Once your dataset is ready, you can begin training the model as follows:
The model will begin training and will automatically evaluate itself on the
validation data roughly once per epoch.
Note that there are a number of other options you can specify, including
`--model_dir` to choose where to store the model and `--resnet_size` to choose
the model size (options include ResNet-18 through ResNet-200). See
[`resnet_run_loop.py`](resnet_run_loop.py) for the full list of options.
## Compute Devices
Training is accomplished using the DistributionStrategies API. (https://github.com/tensorflow/tensorflow/blob/master/tensorflow/contrib/distribute/README.md)
The appropriate distribution strategy is chosen based on the `--num_gpus` flag.
By default this flag is one if TensorFlow is compiled with CUDA, and zero
otherwise.
num_gpus:
+ 0: Use OneDeviceStrategy and train on CPU.
+ 1: Use OneDeviceStrategy and train on GPU.

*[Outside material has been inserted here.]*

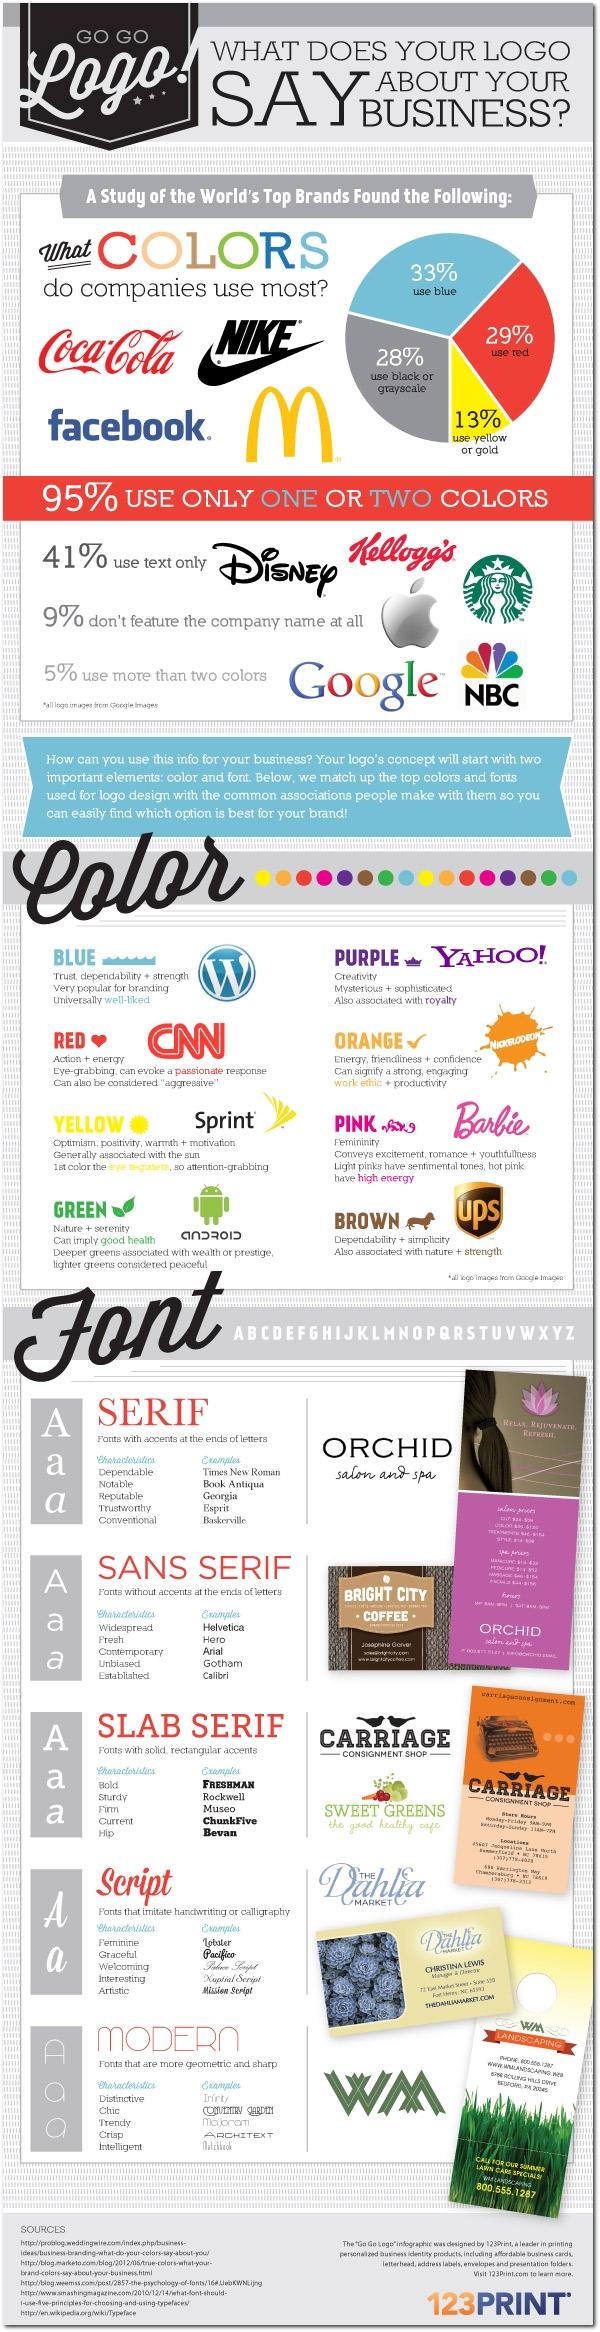 Lo que el logo dice de tu marca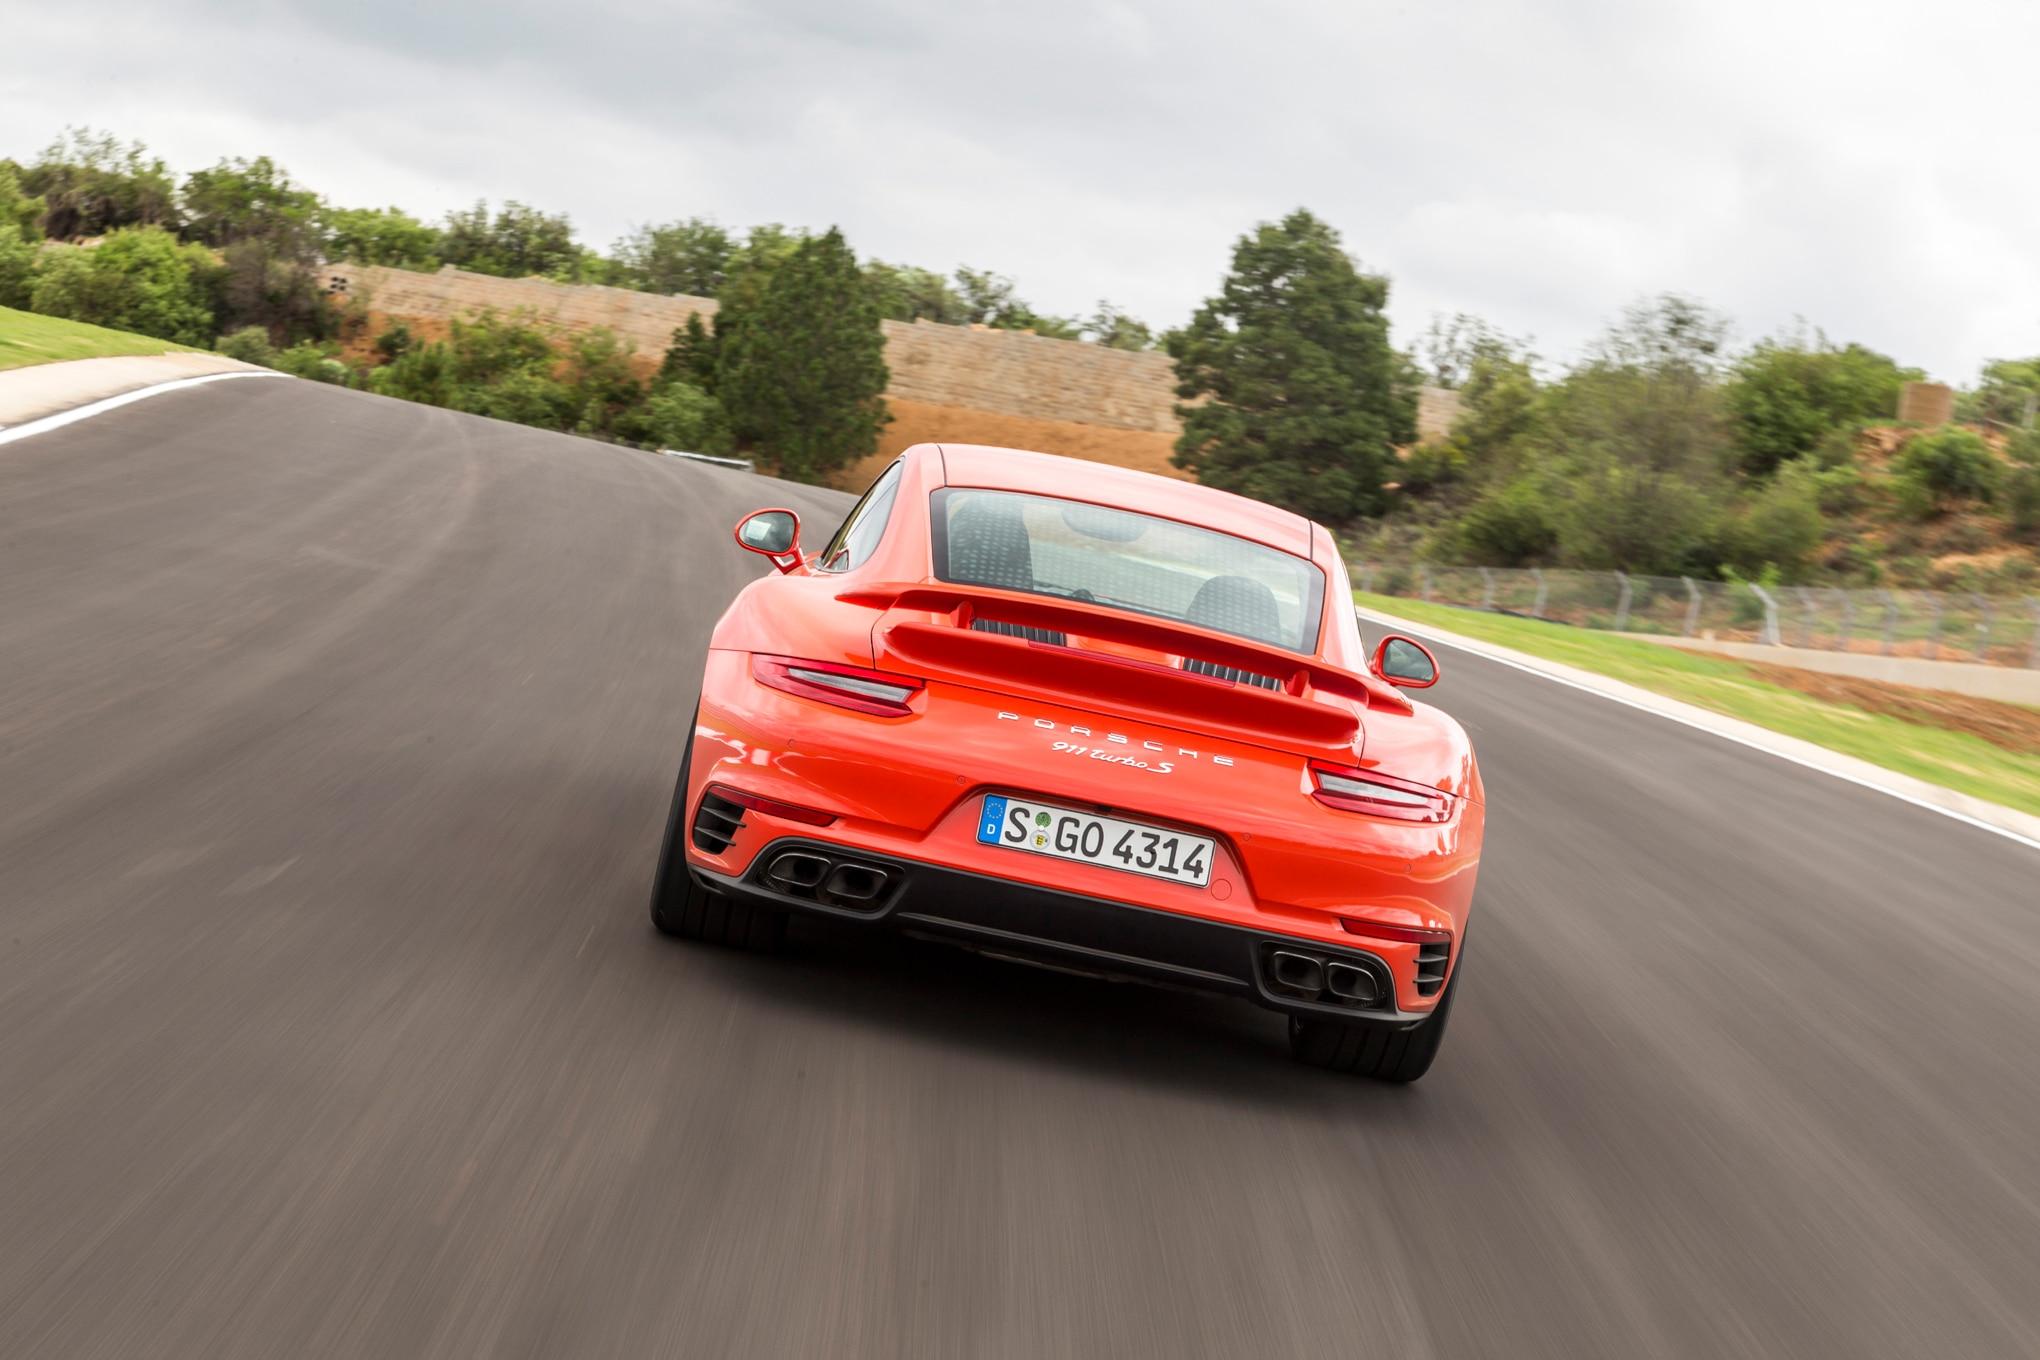 2017 Porsche 911 Turbo S rear end in motion 02

+ 2+: Use MirroredStrategy (data parallelism) to distribute a batch between devices.
### Pre-trained model
You can download pre-trained versions of ResNet-50. Reported accuracies are top-1 single-crop accuracy for the ImageNet validation set.
Models are reported as both checkpoints produced by Estimator during training, and as SavedModels which are more portable. Checkpoints are fragile,
and these are not guaranteed to work with future versions of the code. Both ResNet v1
and ResNet v2 have been trained in both fp16 and fp32 precision. (Here v1 refers to "v1.5". See the note above.) Furthermore, SavedModels
are generated to accept either tensor or JPG inputs, and with channels_first (NCHW) and channels_last (NHWC) convolutions. NCHW is generally
better for GPUs, while NHWC is generally better for CPUs. See the TensorFlow [performance guide](https://www.tensorflow.org/performance/performance_guide#data_formats)
You can use a pretrained model to initialize a training process. In addition you are able to freeze all but the final fully connected layers to fine tune your model. Transfer Learning is useful when training on your own small datasets. For a brief look at transfer learning in the context of convolutional neural networks, we recommend reading these [short notes](http://cs231n.github.io/transfer-learning/).
To fine tune a pretrained resnet you must make three changes to your training procedure:
1) Build the exact same model as previously except we change the number of labels in the final classification layer.
2) Restore all weights from the pre-trained resnet except for the final classification layer; this will get randomly initialized instead.
3) Freeze earlier layers of the network
We can perform these three operations by specifying two flags: ```--pretrained_model_checkpoint_path``` and ```--fine_tune```. The first flag is a string that points to the path of a pre-trained resnet model. If this flag is specified, it will load all but the final classification layer. A key thing to note: if both ```--pretrained_model_checkpoint_path``` and a non empty ```model_dir``` directory are passed, the tensorflow estimator will load only the ```model_dir```. For more on this please see [WarmStartSettings](https://www.tensorflow.org/versions/master/api_docs/python/tf/estimator/WarmStartSettings) and [Estimators](https://www.tensorflow.org/guide/estimators).
The second flag ```--fine_tune``` is a boolean that indicates whether earlier layers of the network should be frozen. You may set this flag to false if you wish to continue training a pre-trained model from a checkpoint. If you set this flag to true, you can train a new classification layer from scratch.